Jolivet passait pour un très honnête homme, et son succès attestait en lui un sens juste et droit. Cependant, nous conviendrons que ses manières et son langage n’appartenaient pas à la meilleure compagnie. Il était vif, despotique, opiniâtre dans ses idées; sa mise était négligée, sa tournure vulgaire. En sa qualité de millionnaire, ceux qui l’approchaient lui pardonnaient bien des choses: mais, au cercle, où il avait cru devoir se faire admettre afin d’occuper ses soirées, on ne lui épargnait guère des railleries, dont d’habitude il ne s’apercevait pas.
Le docteur Belcourt, qui l’accompagnait en ce moment, avait vingt-huit ans au plus. Sa figure franche, encadrée de favoris blonds, ses yeux vifs et spirituels, ses manières gracieuses, sa prestance, faisaient de lui un véritable «médecin des dames», titre que l’on commençait à lui donner dans la ville. Sa redingote et son pantalon noirs étaient coupés par un tailleur parisien, et il portait avec aisance la cravate blanche traditionnelle. Il formait ainsi avec son futur beau-père, un véritable contraste; l’un et l’autre paraissaient appartenir non seulement à un monde différent, mais même à des races différentes.
Belcourt, toutefois, comme l’ancien tanneur, ne devait qu’à lui-même le rang qu’il occupait dans la société. De famille pauvre et obscure, il avait été élevé par un oncle, ancien capitaine d’infanterie, qui, peu fortuné aussi, s’était ingénié à lui faire donner une bonne éducation. Encore le digne oncle n’avait-il pu achever sa tâche; il était mort au moment où Belcourt venait d’être reçu bachelier, et manquait justement lorsque son appui allait devenir le plus nécessaire.

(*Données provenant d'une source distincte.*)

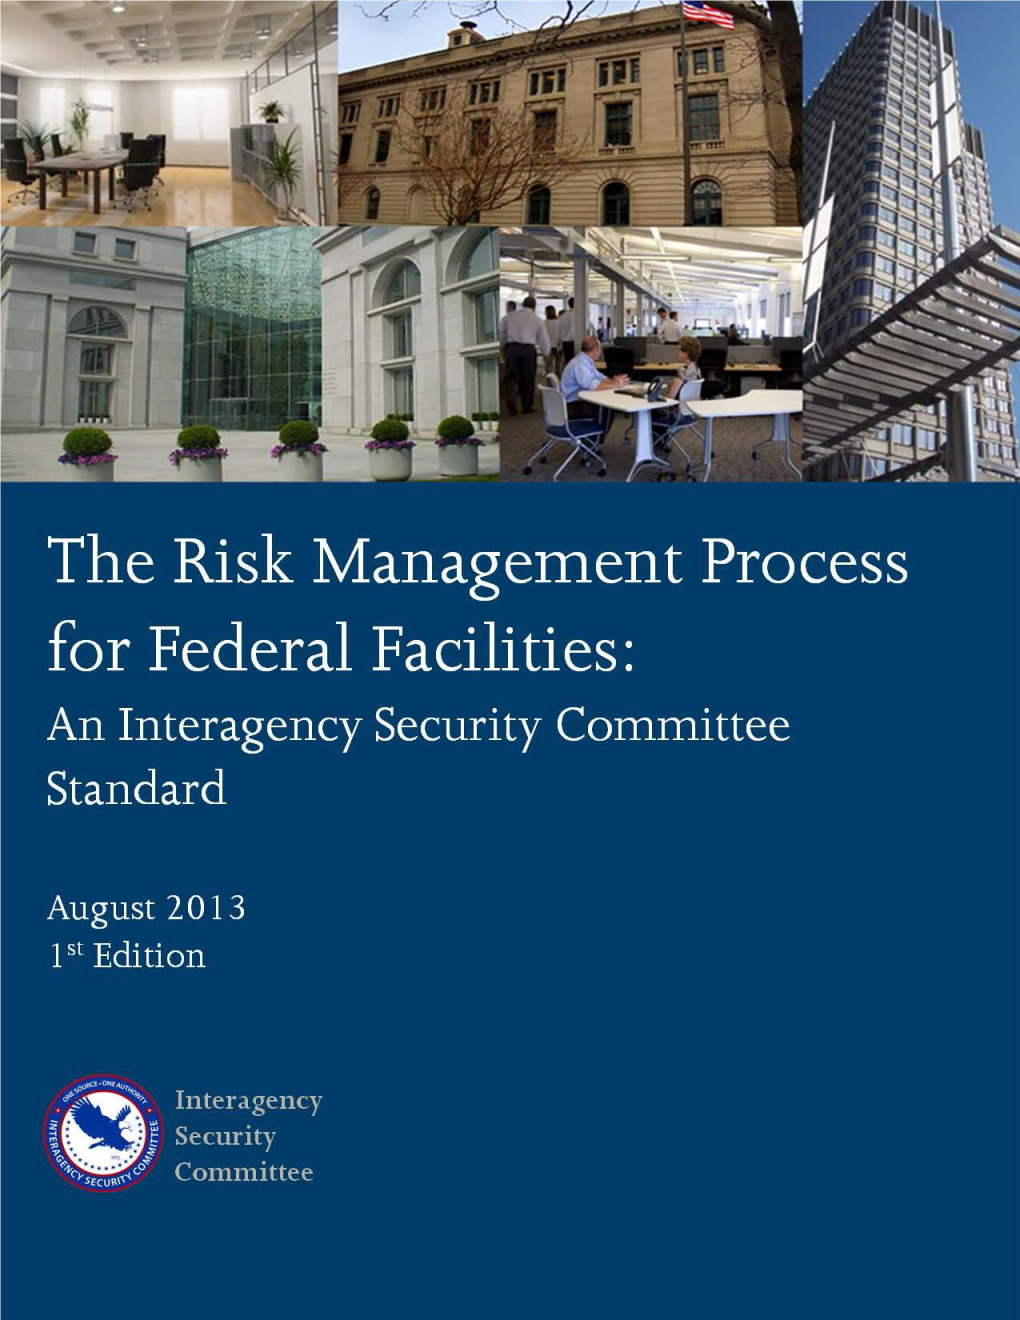 ISC Risk Management Process Contents

Il n’avait laissé en mourant à son neveu que quelques milliers de francs, somme très insuffisante pour permettre au jeune héritier d’atteindre une position honorable et lucrative. Mais Belcourt avait résolu d’être médecin; et, si humbles que fussent ses ressources, il se rendit à Paris, afin d’y commencer les longues, difficiles et coûteuses études de la science médicale.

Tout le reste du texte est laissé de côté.